Именно рынок как модель современного мира становится центральным местом в повествовании Распутина. До последней возможности противостоявшая стихии рынка крепкая русская семья Воротниковых тоже оказывается втянутой в его всепоглощающее жерло, и так же, как в общенациональной жизни, в жизни семьи это столкновение цивилизаций — побеждающей рыночной и потерявшей себя земледельческой — заканчивается катастрофой. Мотыльком упорхнувшая на запах халвы и блеск всесветной толкучки старшая дочь Воротниковых, Света — смята и изнасилована "человеком рынка", торгашом-азербайджанцем, скорее всего и в Россию-то прибывшим нелегально, да только чувствующим себя в ней "победителем", хозяином "новой жизни", который и на таможне кому надо сунет, и в прокуратуре. Стало быть, не подзаконным ничему. И насилующим, и взятки сующим в открытую. Происходит это, напомню, в стране, где 80% населения продолжают оставаться "паспортными" русскими.
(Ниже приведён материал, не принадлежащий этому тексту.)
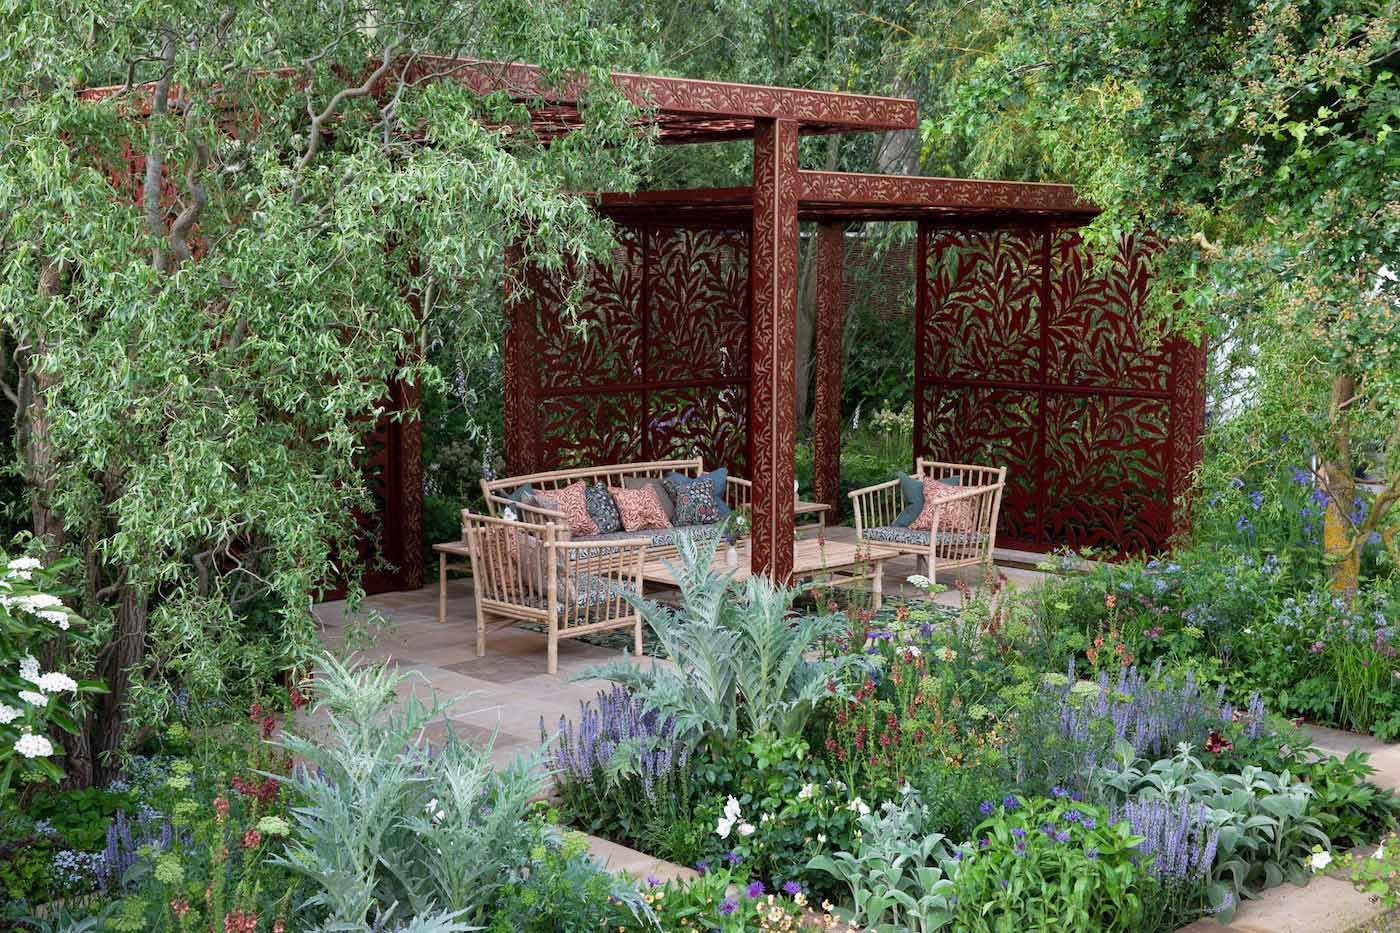 Garden Design Gold Award Winner: Morris & Co. Garden

И дело не в отчаянном порыве матери, застрелившей дикаря-насильника, а в том, о чем Тамара Ивановна постоянно себя спрашивает: что, разве не видела она, куда всё это ведет? Разве не понимала, к какой жизни потянуло ее дочь? И отвечает сама себе — не видела! В каком-то нравственном обмороке жила все эти годы.

Но слишком просто было бы этим "нравственным обмороком" объяснять все наши беды. В одной из своих статей Сергей Кара-Мурза спрашивает — разве мог бы ельцинский режим просуществовать почти десять лет, если бы на то не было негласного согласия всего общества. И отвечает — нет, не мог бы! Значит, не только 2% олигархов, не только 20% чиновников всех уровней, но и большая часть населения сумела пристроиться в "новой жизни"! Получила возможность "иметь". Одни больше, другие меньше. Чиновники с торгашей, торгаши с рядовых граждан, те друг с друга: врачи с больных, учителя со школьников, преподаватели со студентов, и т. д. Даже бомж у Распутина, приютившийся в семейном общежитии, получил возможность "иметь" — сдает на ночь не принадлежащую ему комнату. А что в ней будет, кого будут убивать-насиловать — его не интересует. Даже своеобразную философийку придумал.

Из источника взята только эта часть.